Под дымчатым низинным берегом переливчатым серебром посверкивали разводья. Слева от изволока в смородиннике и кустах волчьей ягоды перезвенькивались неутомимые синицы. По стволу корявой, безжизненной ели ошалело носились возбужденные белки, воинственно распушив поднятые хвосты. Сталкивались, вытесняли друг друга с дерева: шуршали никлые ветки, осыпалась хлипкая кора.
– Тетя, чего они разодрались?
– Весна… гон идет. Вот и гоняются… Тепло, любовь беличья подошла. Бурундуков насмотришься. Они тоже чудники. Иной раз распотешатся – в кино не надо ходить.
Солдатка улыбисто посмотрела на памятный, примятый лапник, наломанный парильщиками с густой пихты. Потянула в приятной затяжной зевоте пухлогубый рот.

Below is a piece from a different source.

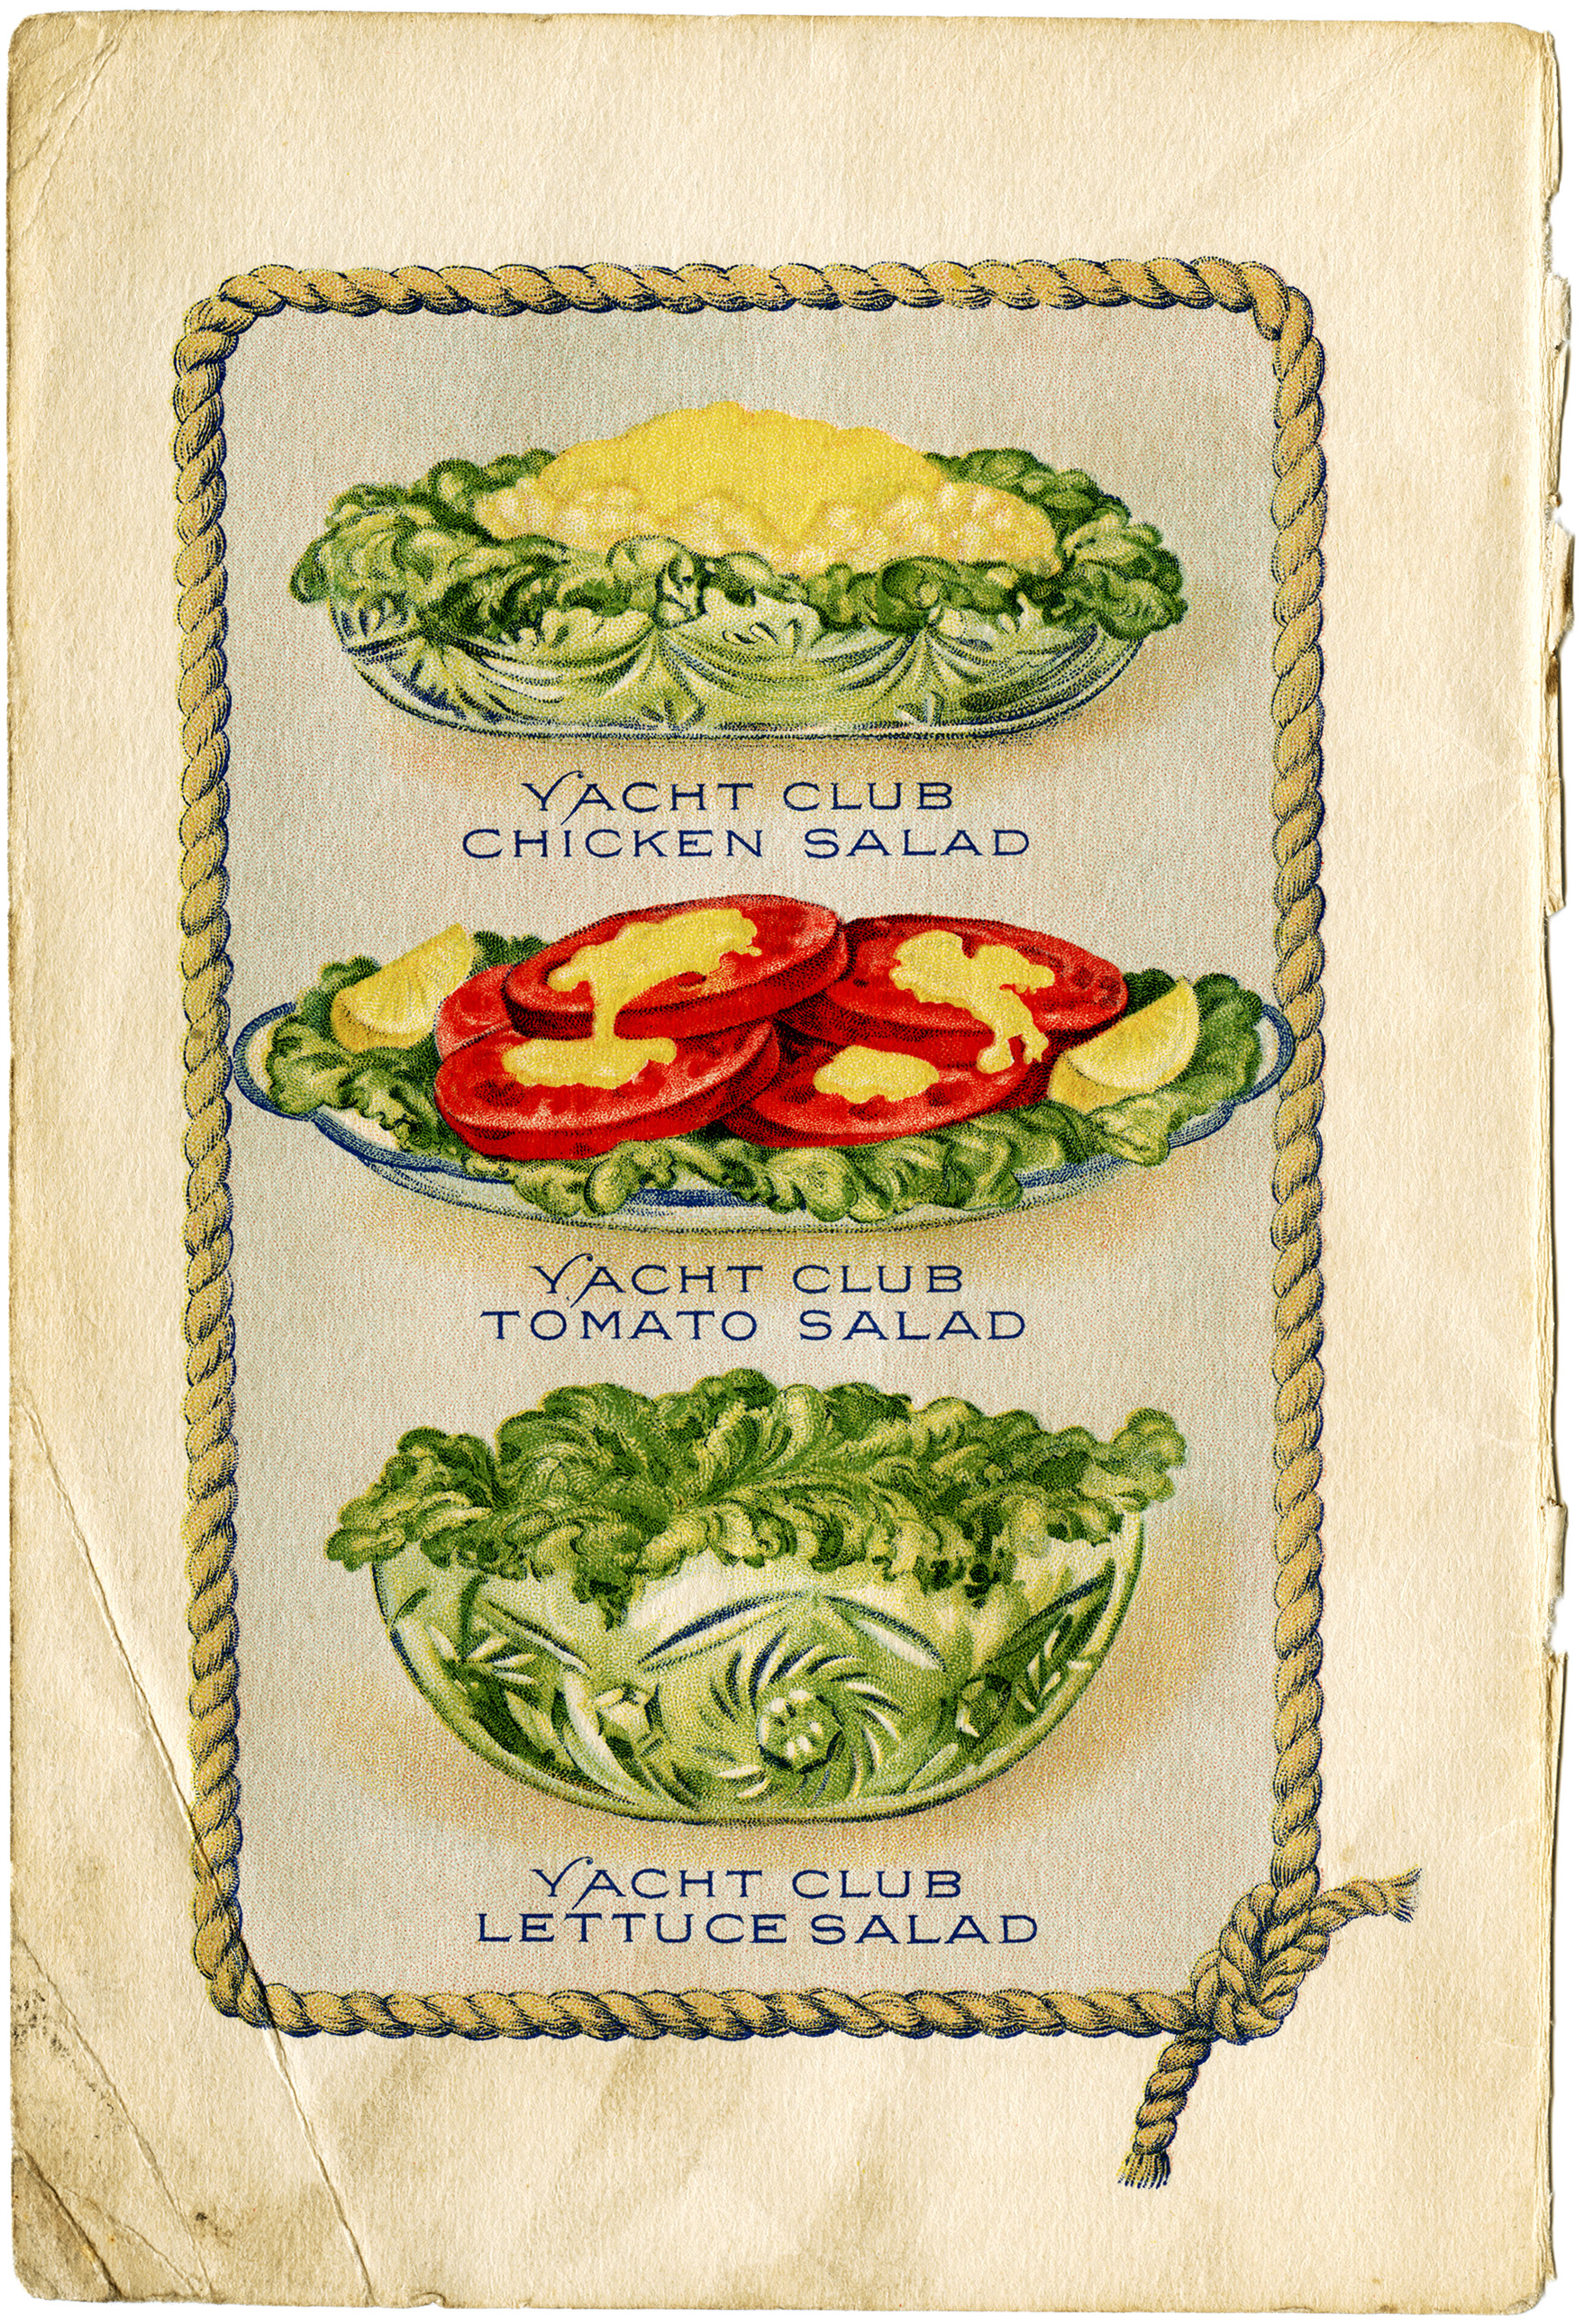 Yacht Club food, vintage salad clip art, old fashioned salad illustration, vintage cookbook page, free digital food graphics

Бригадир Запрудин с недавних пор разглядывал повариху и возчицу с ехидным прищуром. Дед Платоша вместо «здравствуй» выпускал бурчливое словечко, похожее на «дратву». Марью забавляла их отчужденность. Ворчала с наигранной беспечностью: «Ну вас к лешему… одна я ответчица перед мужем…»
Лед тронулся под вечер. Делал напрасную попытку зацепиться за берега, прикорнуть на песочке. Страждущая воли Вадыльга упрямо выламывалась из тяжелой решетки зимы. Артельцы гурьбой высыпали на берег. Завороженные захватывающим зрелищем, молча любовались недюжиной силой воды. Содеянная природой живая картина панорамно просверкивала в серой рамке набыченных берегов.
Взволнованный Платоша переминался нетерпеливо на сыром песке: подошвы растоптанных чирков прилипали и чавкали. Близехонько проносились сверкающие глыбины, позванивая, издавая приятный шорох. В руках, протянутых к Вадыльге, старик держал расшитое полотенце: на нем лежал тонюсенький ломтик хлеба. Лед шел у берега плотным гуртом. Не находилось пока водной чистинки, чтобы бросить в нее артельный поминальный хлебец. Вот речная стрежь стала отторгать от загибистого обережья напирающие льдины. На одной из них старательная ворона выдалбливала что-то напористым клювом: разлетались сверкающими светлячками крошки.
На пенистой быстрине свивались гнезда воронок. Дед выследил островок незанятой воды. Ритуально поклонившись работающей реке, стряхнул с полотенца хлебное приношение. Старинным обрядом честно поминали всех утопленников, кого оборола в поединках Вадыльга, кто добровольно ушел на жительство в ее придонную глубину. Ржаную паечку немного пронесло вдоль песка, затянуло в воронку: вода охотно и благодарно приняла скромное поминальное приношение.